The advantage of using the parameters $(\alpha, \mu)$ is that the link between $E(Z)$ and $Var(Z)$ becomes clearer:
\begin{align*}
E(Z)   & = \mu \\
Var(Z) & = \frac{1}{\alpha}\mu^2
\end{align*}

Computing the coefficient of variation we then obtain:
$$CV(Z) = \frac{\sqrt{Var(Z)}}{E(Z)} = \frac{1}{\sqrt{\alpha}}$$
This result means that the coefficient of variation is constant (given the shape parameter $\alpha$). As we saw for the Poisson distribution, it is possible that observed data shows a different pattern. In chapter \@ref(chap:models), for the Gamma distribution, we will use the parametrization based on $(\alpha, \mu)$ instead of the one based on $(\alpha, \rho)$.
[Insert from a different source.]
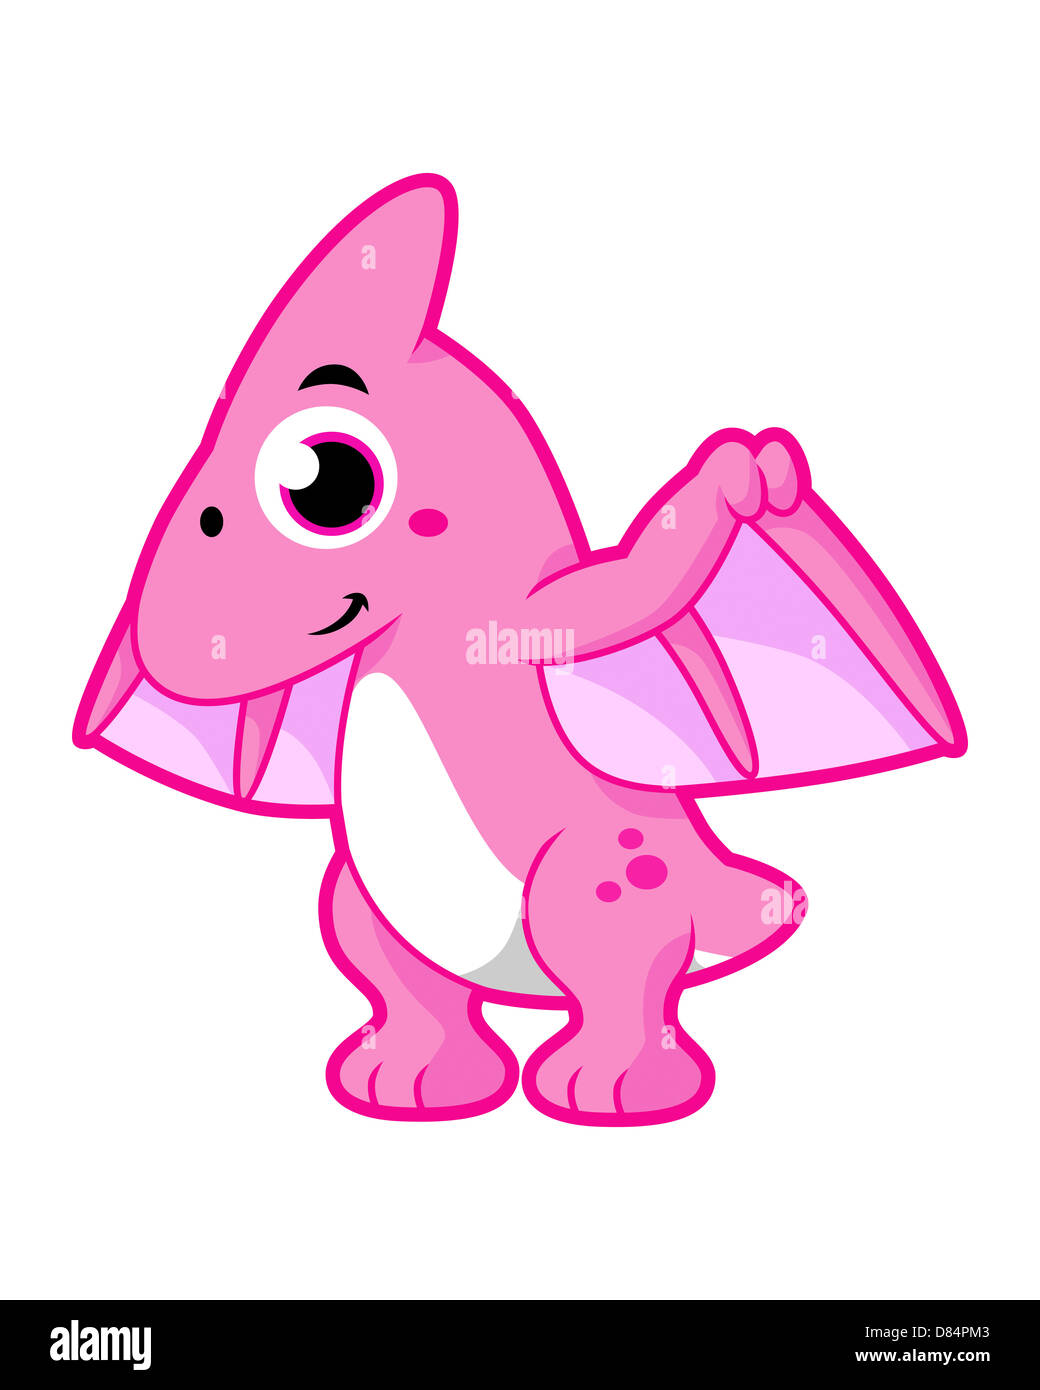 Cute illustration of a pterodactyl. Stock Photo

Another characteristic of the Gamma distribution that could be problematic in modeling claims severity is that it has a light tail. This means that, as $z$ goes to $+\infty$, $f_Z(z)$ approaches $0$ quite fast. This could lead to a poor fitting for _large claims_. Other distributions with heavier tails are for example the _log-Normal_ and the _Pareto_.


#### Large Claims  {#chap:large-claims}

Modeling large claims in quite difficult in practice because usually there is not a lot of observed data on them, so it is hard to understand if they are related to some risk factors (identifiable by the pricing variables) or they happen just by chance due to a distribution with heavy tails.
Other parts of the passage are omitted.